# Buggy question



## flyrod4steelhead (Mar 14, 2002)

I seen this buggy while drving down M20 this evening. I have been looking around for a sand rail, but I haven't seen any this year so far. How much do these bad boy's usually run anyway's? I have seen them for as much $3,000. 

So, has anyone ever heared of Spohw Creation's in Riverdale, MI? It is a 4-wheel buggy, that was built this year 2003, has a 1993 580 Artic Cat engine with 120hp. It is green, Electric start, Atuomatic. It looks like a Sand Rail, but compact. It's about the size of a VW Beetle.

If anyone can give me an idea as to much this little dude would go for, that would be great, if not, that is ok.

Thanks for any info.


----------



## keith miller (Oct 3, 2001)

fr4s
this is the wrong plce to get that info.
i would goto http://www.dune-buggy.com/ for that info.
the link th the top left of that page is where you can get that & more.
3k for a running moving rail is average.
speed is only a question of money

as for that particular one ...worth ????
it sounds badly under powered!
a vw air cooled motor can kick 30 hp to 500+hp.
a small sled motor in a rail frame????

good luck
keith


----------



## knockoff64 (Oct 14, 2001)

Keiths right, A VW engine is the way to go. Enough horsies to move it along, easy to maintain and easy to find parts.
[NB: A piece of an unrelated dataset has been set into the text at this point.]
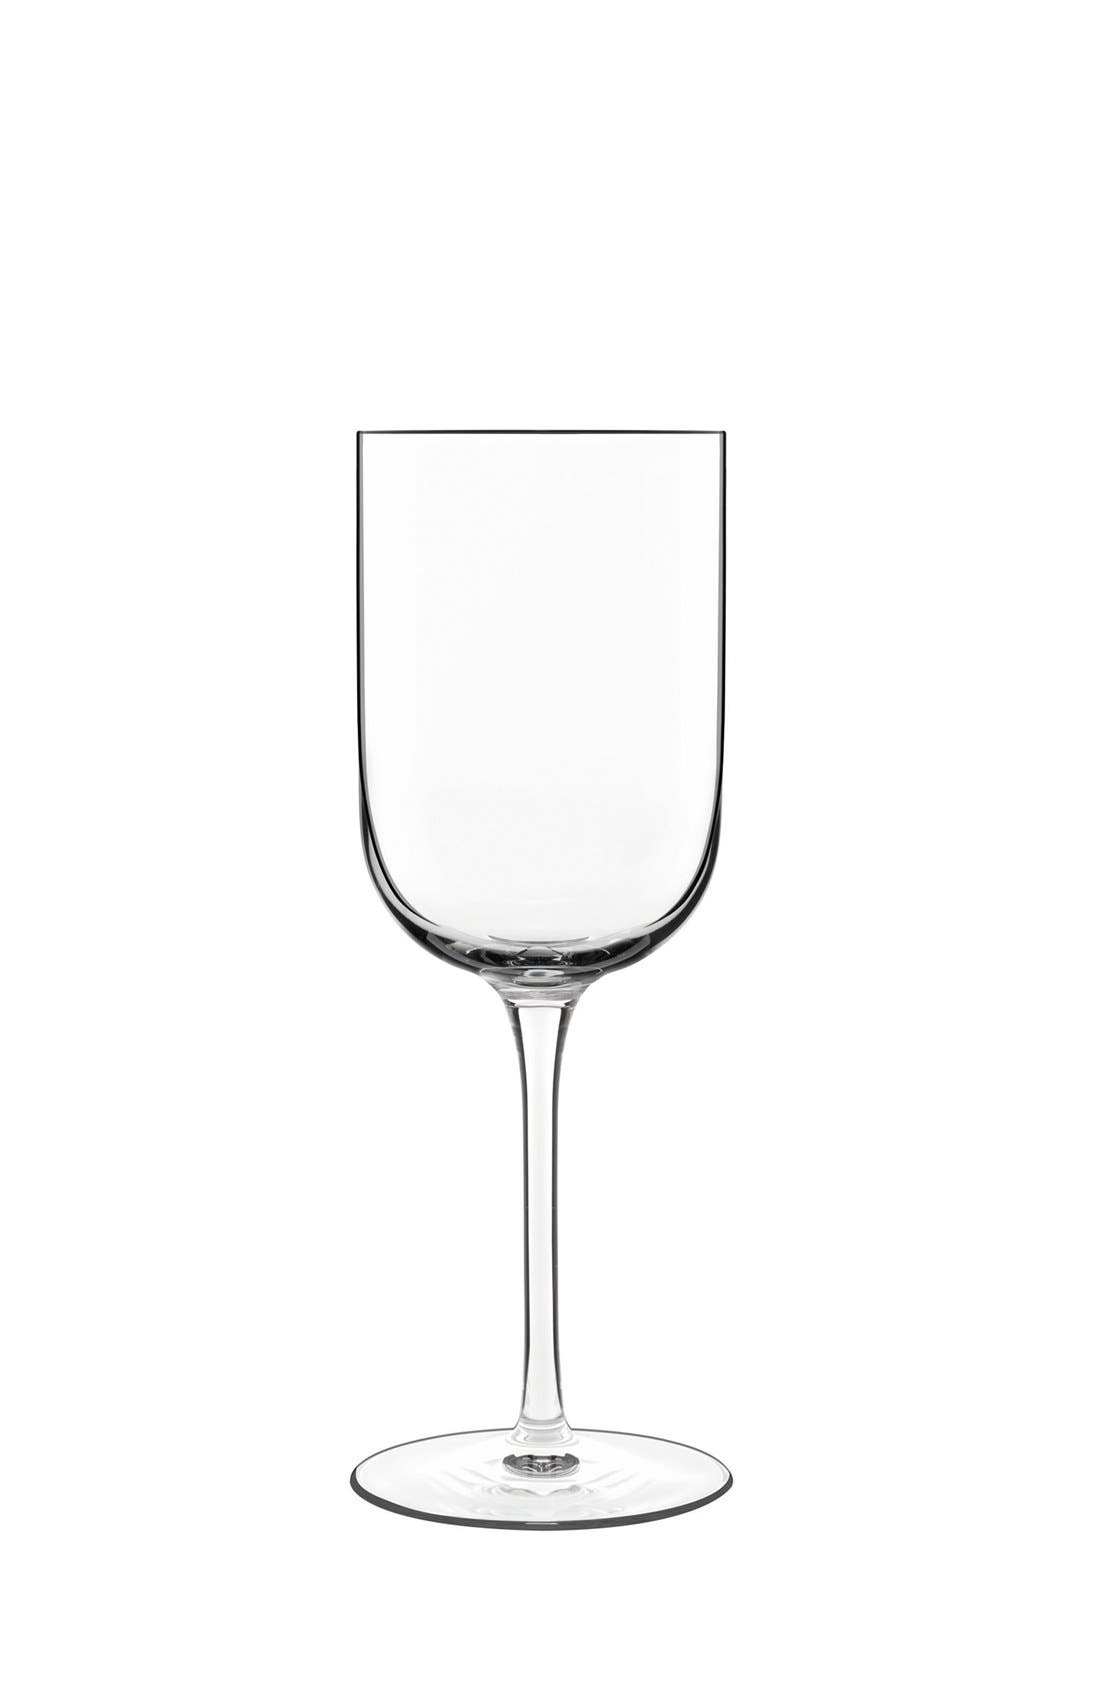 Main Image - Luigi Bormioli 'Sublime' Red Wine Glasses (Set of 4)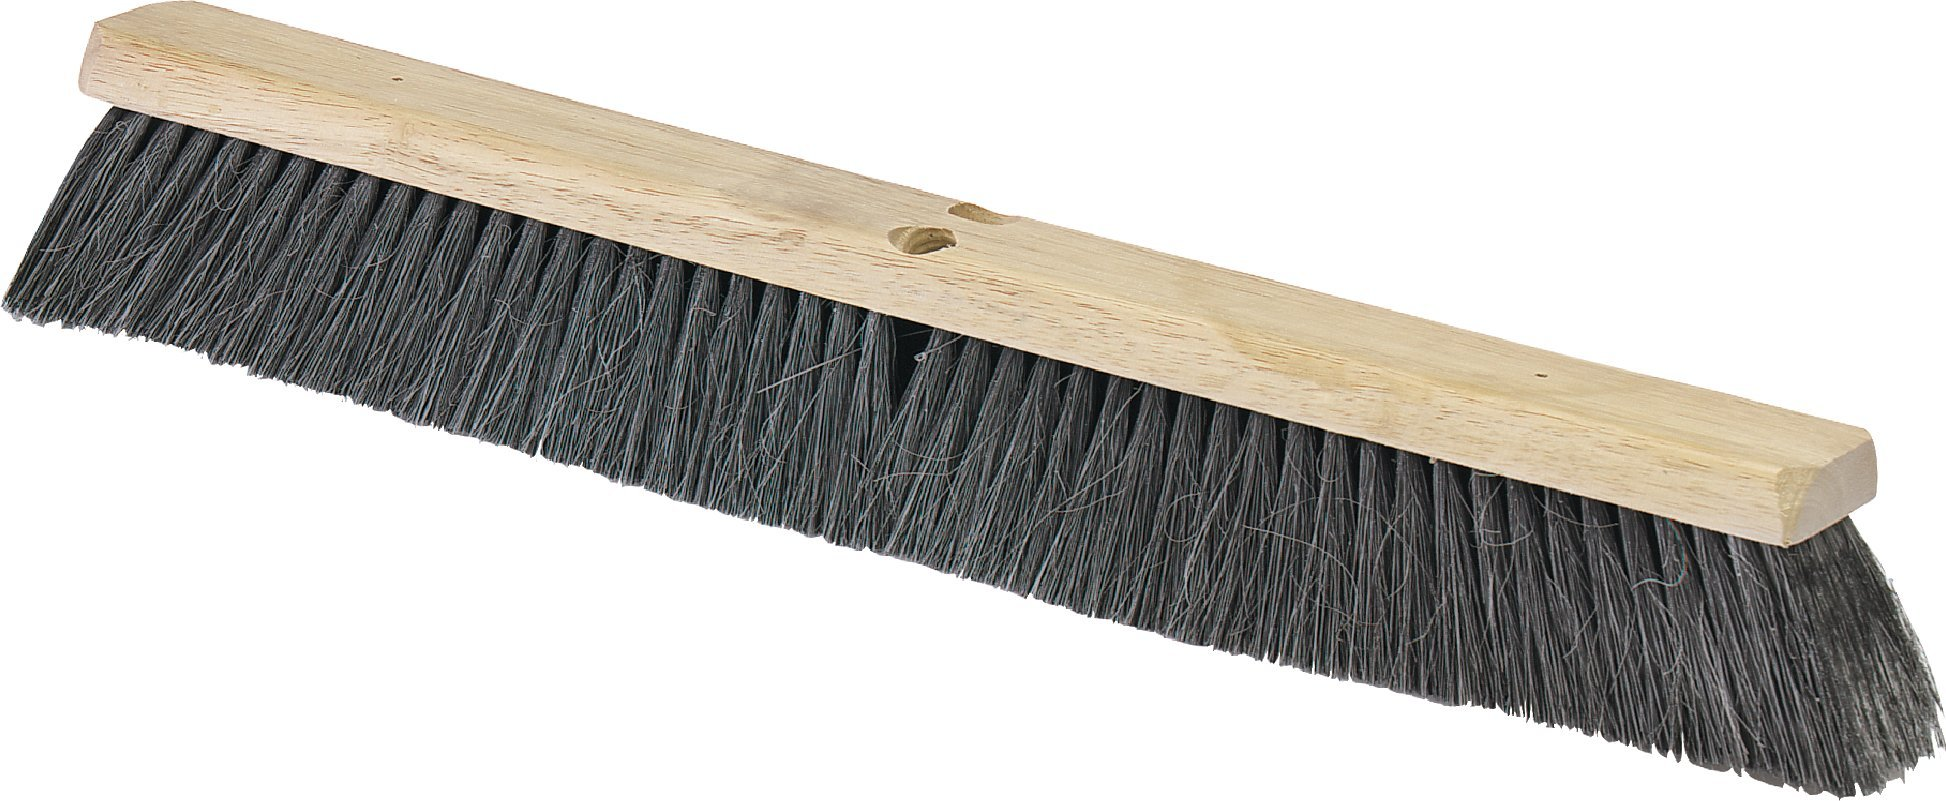 Carlisle 36202403 Flo-Pac Hardwood Block Medium Floor Sweep, Horsehair/Polypropylene Bristles, 24'' Block Size, 3'' Bristle Trim, Black

Those Mini-Rails, don't have the guts to get you up hills or through loose sand.

Another word of advice (I have 3 freinds with rails). Don't buy one unless you like to wrench and weld and... They are fun, but a lot of work.

P.S. One freind has a four seater with a Turbo T-bird motor, 90 MPH in about 200yds! He has to pump the clutch to keep the front end down!


----------



## ESOX (Nov 20, 2000)

I have a buddy with a 4.3L in his rail. That thing is a low flying jet.
I have seen them with small block V8's, they must be an insane ride.


----------